- Born: December 20, 1717 Gloucester County, Colony of Virginia, British America
- Died: 1790 (aged 72–73) Brunswick County, Virginia, United States
- Occupations: Planter, Politician

= William Thornton (Virginia burgess) =

American planter and politician (1717–1790)

William Thornton (December 20, 1717 – 1790) was a British American planter and public official in Colonial Virginia. Thornton served as member of the House of Burgesses for Brunswick County from 1756 to 1768 and as justice of the county and of the quorum as early as 1760 and as late as 1774/5. Thornton was the great-grandson of William Thornton who arrived in Virginia from England as late as 1646 settling in Gloucester County, Virginia. He was through his paternal line a cousin of fellow burgesses, Francis Thornton of Spotsylvania, Presley Thornton of Northumberland, George Thornton of Spotsylvania, William Thornton of King George and William Thornton of Richmond County, Virginia.

==Early life and education==
William Thornton was born in Gloucester County, Virginia, to Francis Thornton (1692–1737). His father was a wealthy planter of Petsworth Parish, where the Thornton family had been established since the 1640s.
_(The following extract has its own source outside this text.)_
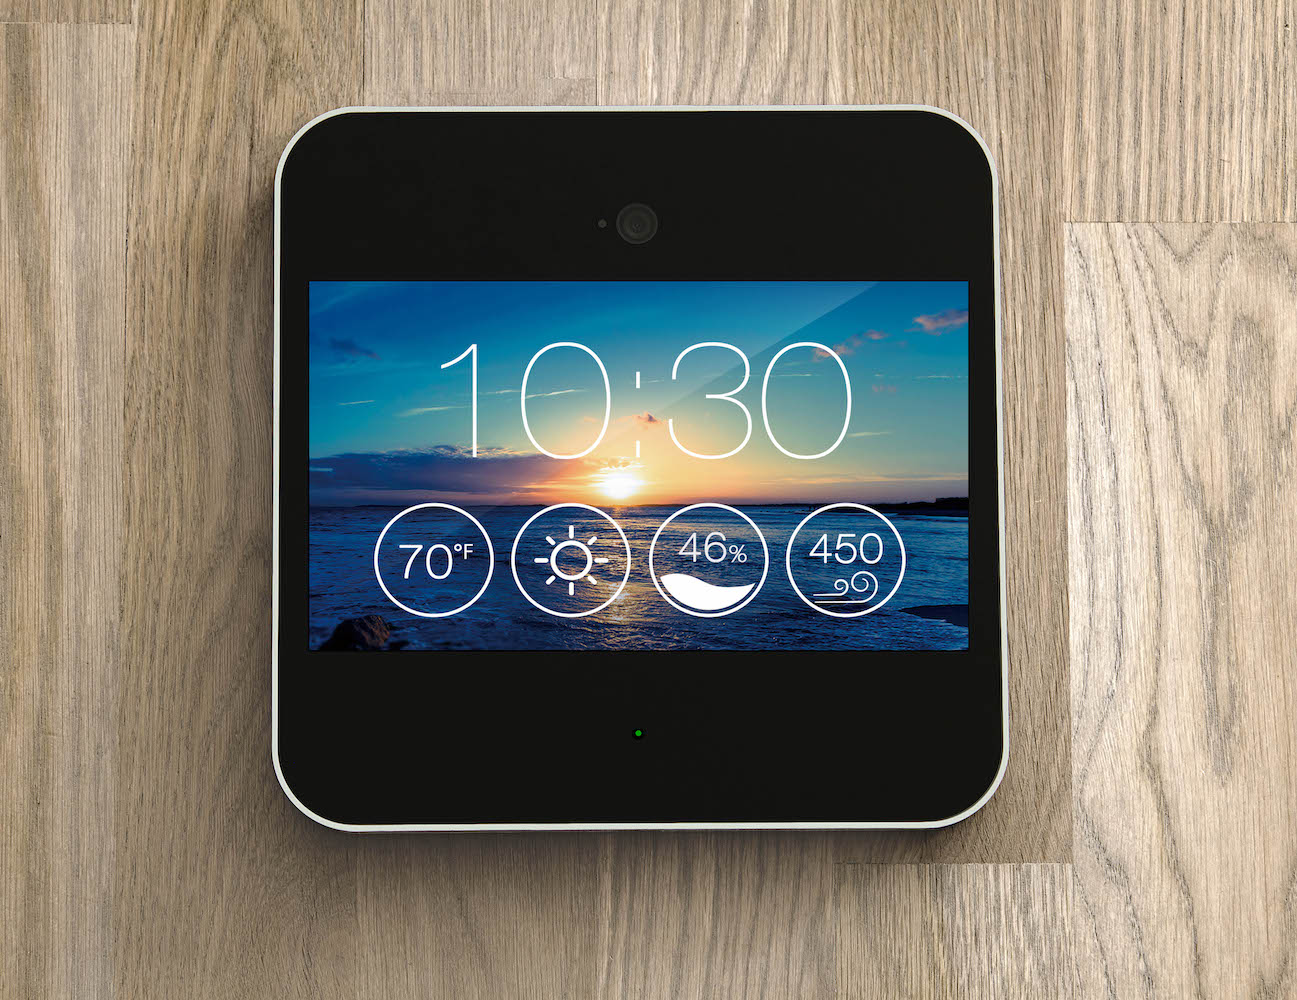 Sentri – Smart Home Monitoring Made Simple

Thornton's father would go on to inherit the lands of his grandfather and would serve as a vestryman of Petsworth Parish. As part of the planting elite he was afforded an education far above that of most colonial Americans. Though it is not precisely known where he received his education it is likely he attended the College of William & Mary, as currently no records indicate he was sent to England as a number of sons of Virginia planters were. He married his first cousin Jane Clack on June 25, 1736, at Ware Parish. The church had been built by her paternal grandfather, an Oxford educated Anglican minister during his tenure.

== Career ==
In 1752, William Thornton removed to Brunswick County, Virginia. At the time the country was in the frontier reaches of the Colony. Thornton quickly rose to be one of the foremost citizens of his county through his large land grant and familial connection. His prominence gained him political prowess ultimately leading to his election to the House of Burgesses in 1756. By 1760 he was able to expand his power in Brunswick County by attaining the position of Justice. Thornton appears to have over-reached in the powers of his office, in 1764, the citizens of Brunswick County sent a petition to the Acting Colonial Governor, Francis Fauquier complaining of the conduct and character of the justices of the county court. The petition specifically alleges that Thornton and his brother-in-law John Clack appeared on the bench in cases they had a personal interest in and refused to hear evidence in cases which resulted in innocent people having to pay costs. If the petition had any effect it appears not to have taken so until 1768, when Thornton finally left the office of Burgess. Little is known of his later years, he appears to have focused on planting and retired from the political realm of Williamsburg before the Revolution.

== Family ==
William Thornton and Jane Clack were the parents of thirteen children. Four of his sons, Francis, William, Sterling and Reuben are known to have served during the American Revolution receiving the ranks of officers. Many of his descends held vast tracts of land and prominent social and political positions in the Southside of Virginia.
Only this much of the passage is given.